At present, QTL research on grain shape related traits of rice has been widely carried out, mainly to improve the appearance quality of rice, but only a few QTLs have been applied in current breeding programs. Further characterization of QTLs associated with rice grain shape and the cloning of the underlying genes is essential. Additionally, a deeper understanding of the regulatory pathways governed by these genes is necessary to fully exploit their potential in rice breeding programs aimed at improving grain shape traits. With the development of high-throughput sequencing technology, high density SNP markers covering the whole genome have made genome-wide association studies widely used. In the past 10 years, the genetic research of plant quantitative traits based on GWAS has made great progress. GLW7 represents a pivotal rice grain type regulatory gene that has been successfully cloned through the application of GWAS (Si et al., 2016). Lv et al. (2019) conducted a genome-wide association analysis on grain shape-related traits, including grain length, grain width, thousand-grain mass, and length-to-width ratio, using 161 indica rice varieties along with 16,352 SNPs, and identified a total of 38 significant loci. Feng et al. (2016), on the other hand, utilized 469 rice varieties combined with 5,291 SNPs to detect 11 novel QTLs through genome-wide association analysis. Grain shape is not only one of the determining factors of yield traits, but also affects the appearance and milling quality of rice.

In this study, 280 japonica rice varieties from northern China were used to conduct genome-wide association study for grain-shape-related traits, and to explore the relevant loci or genes controlling grain shape. These results will provide a theoretical basis for elucidating the genetic mechanism of rice grain shape and breeding excellent new rice varieties with excellent grain shape.

Materials and methods

Plant materials

The association panel consisted of 280 japonica accessions from northern China (Table S1). These accessions were planted in the experimental field of Liaoning Rice Research Institute (41°N, 123°E) from April to October 2021. The sowing, transplanting and harvesting dates were April 25, May 20 and October 10, respectively. Each accession was planted in a plot of three rows, with eight plants in each row at a spacing of 16.7 × 30 cm, and this was replicated twice. Fertilizer for the cultivated land was 180 kg N ha−1, 60 kg P2O5 ha−1, and 120 kg K2O ha−1, with attention to weeding and pest control.

Phenotyping

When the accessions were mature, five plants were selected in the middle of the plot for harvesting and placed in a cool place to allow the seeds dry naturally. A seed moisture meter is used to detect the grain moisture content, and about 200 grains were selected when it has been reduced to 12–14%. For brown rice, the outer husk is removed, retaining the bran layer and germ. To produce white rice, further milling removes the bran layer and germ using a CLS JNM-1 rice husker. Grain length (GL), grain width (GW), grain length-width ratio (GR), brown rice length (BL), brown rice width (BW), brown rice length-width ratio (BR), brown rice area (BA), white rice length (WL), white rice width (WW), white rice length-width ratio (WR) and white rice area (WA) are measured using a rice appearance quality detection analyzer (SC-E, Hangzhou Wanshen Test Technology Corporation, Hangzhou, China).

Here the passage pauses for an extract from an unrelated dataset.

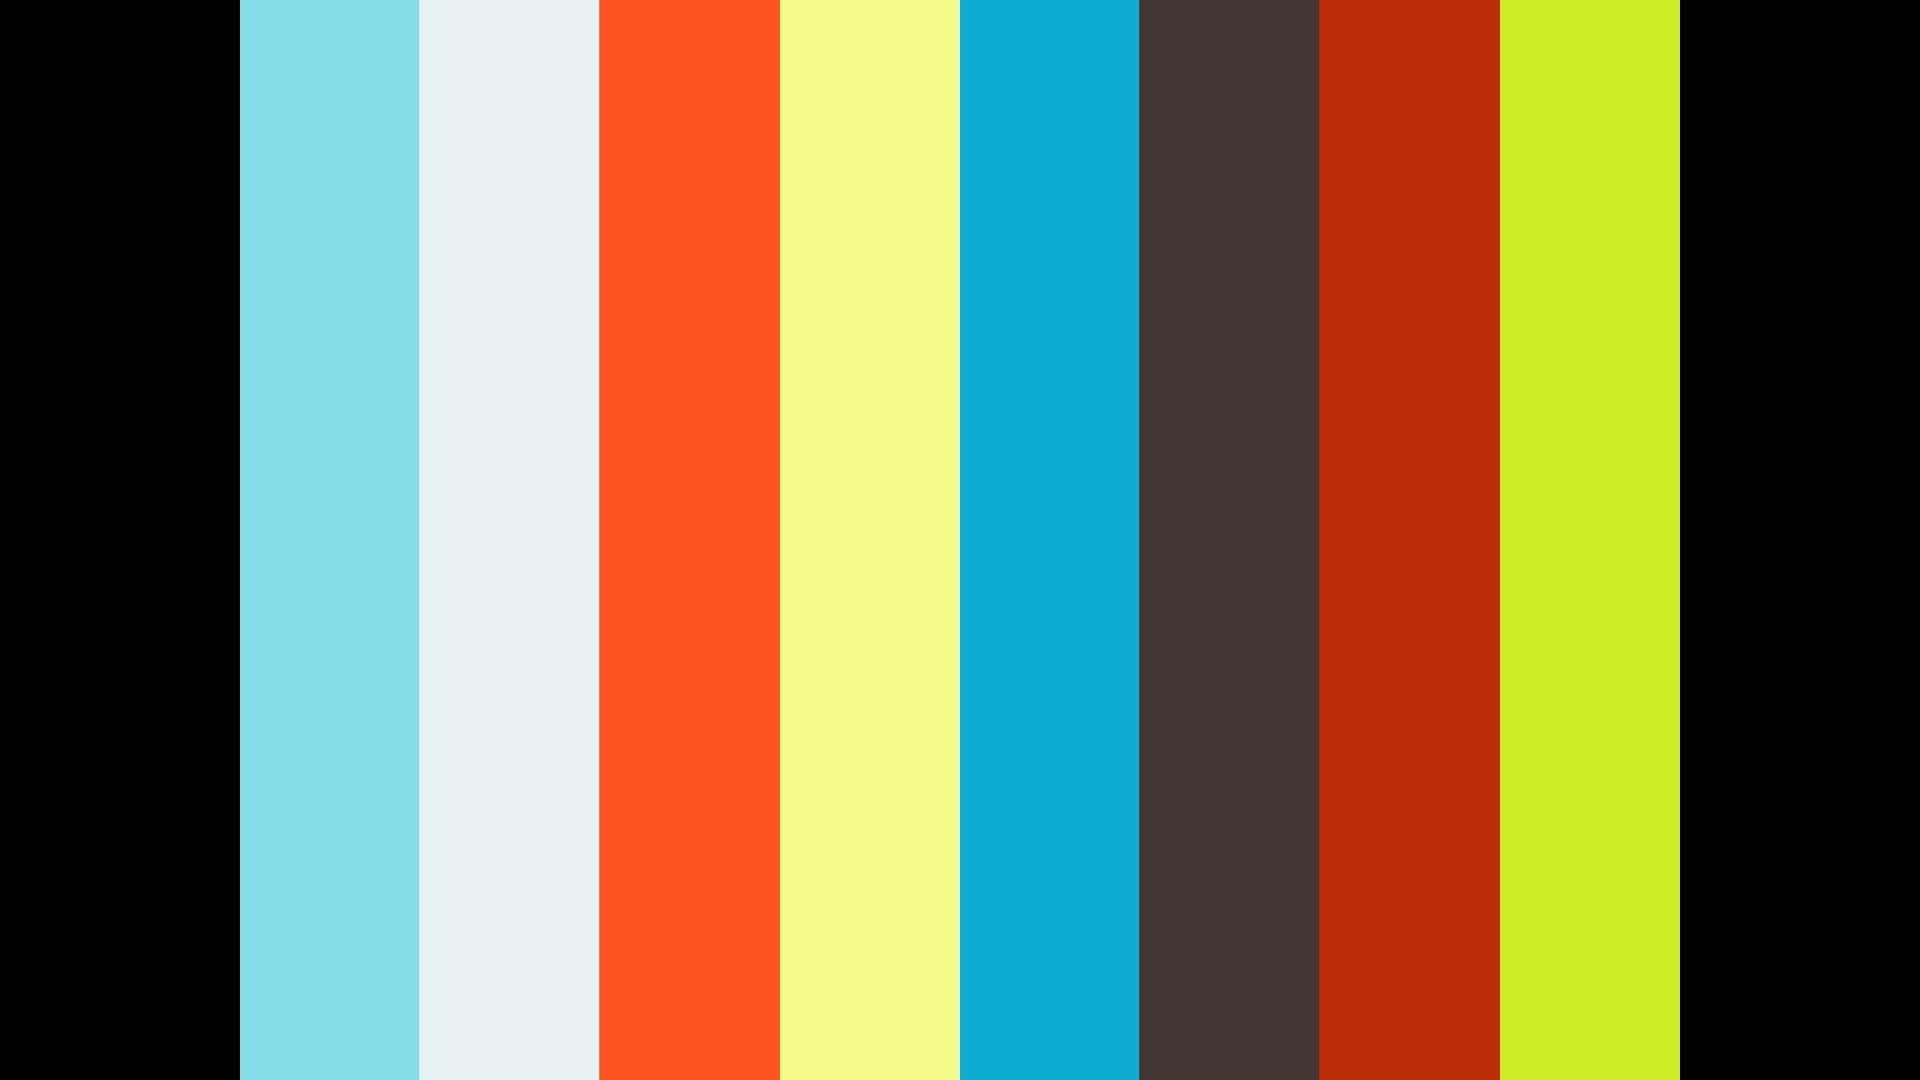 Advanced colour | Affinity Designer for iPad tutorials

Three technical repeats and two biological repeats were performed (average 120 seeds per plant), and the mean values were calculated for subsequent analysis.

Genotyping

DNA was extracted using the SDS lysis method (Zhang et al., 2019). The leaves of tillering stage were frozen with liquid nitrogen and ground with tissue grinder. SDS lysis buffer was added and incubated at 65 °C for 30 min. Sodium acetate was then added, the mixture was thoroughly mixed, and centrifuged. Isopropyl alcohol was added to the supernatant to precipitate the DNA, which was then rinsed twice with 70% ethanol and air-dried. The genotypic data were obtained using a 40K liquid-phase sequence chip (Li et al., 2022c), and all raw reads were filtered for high quality, with Q20 quality scores >95% and guanine-cytosine (GC) content <50%. Finally, 33,579 high-quality SNPs were obtained and used for genome-wide association study (GWAS) in this study. The genotypic data described here are accessible via FigShare (https://doi.org/10.6084/m9.figshare.26461429.v1).

Population genetic analysis

Principal component analysis (PCA) was conducted using the efficient mixed-model association (EMMA) method in the Genome Association and Prediction Integrated Tool (GAPIT) R package (Lipka et al., 2012) to examine the population structure. Kinship analysis of accessions is performed using the GAPIT package of R software and used for subsequent GWAS analysis. The K matrix (kinship matrix) was calculated by the EMMAX software (Kang et al., 2010) based on the Bayesian network (BN) method using those high-quality SNPs.

GWAS analyses

We performed a GWAS to detect SNPs that were significantly associated with all grain-shape-related traits using high-quality SNPs and the mean trait values of the 280 accessions. Marker-trait associations were conducted by the mixed linear model (MLM), PCA+K, implemented in the GAPIT package in R software (version 4.3.1) (Lipka et al., 2012). The critical P-value for declaring significant marker-trait association (1.0 × 10–4) was calculated using GEC software based on the independent effective SNP number (Li et al., 2012). To estimate independently associated regions of identified QTLs, significantly trait-associated SNPs situated in one estimated LD block were defined as the same QTL. Each LD block containing the identified SNPs was evaluated using the R package “LDheatmap” (Shin et al., 2006; Yano et al., 2016).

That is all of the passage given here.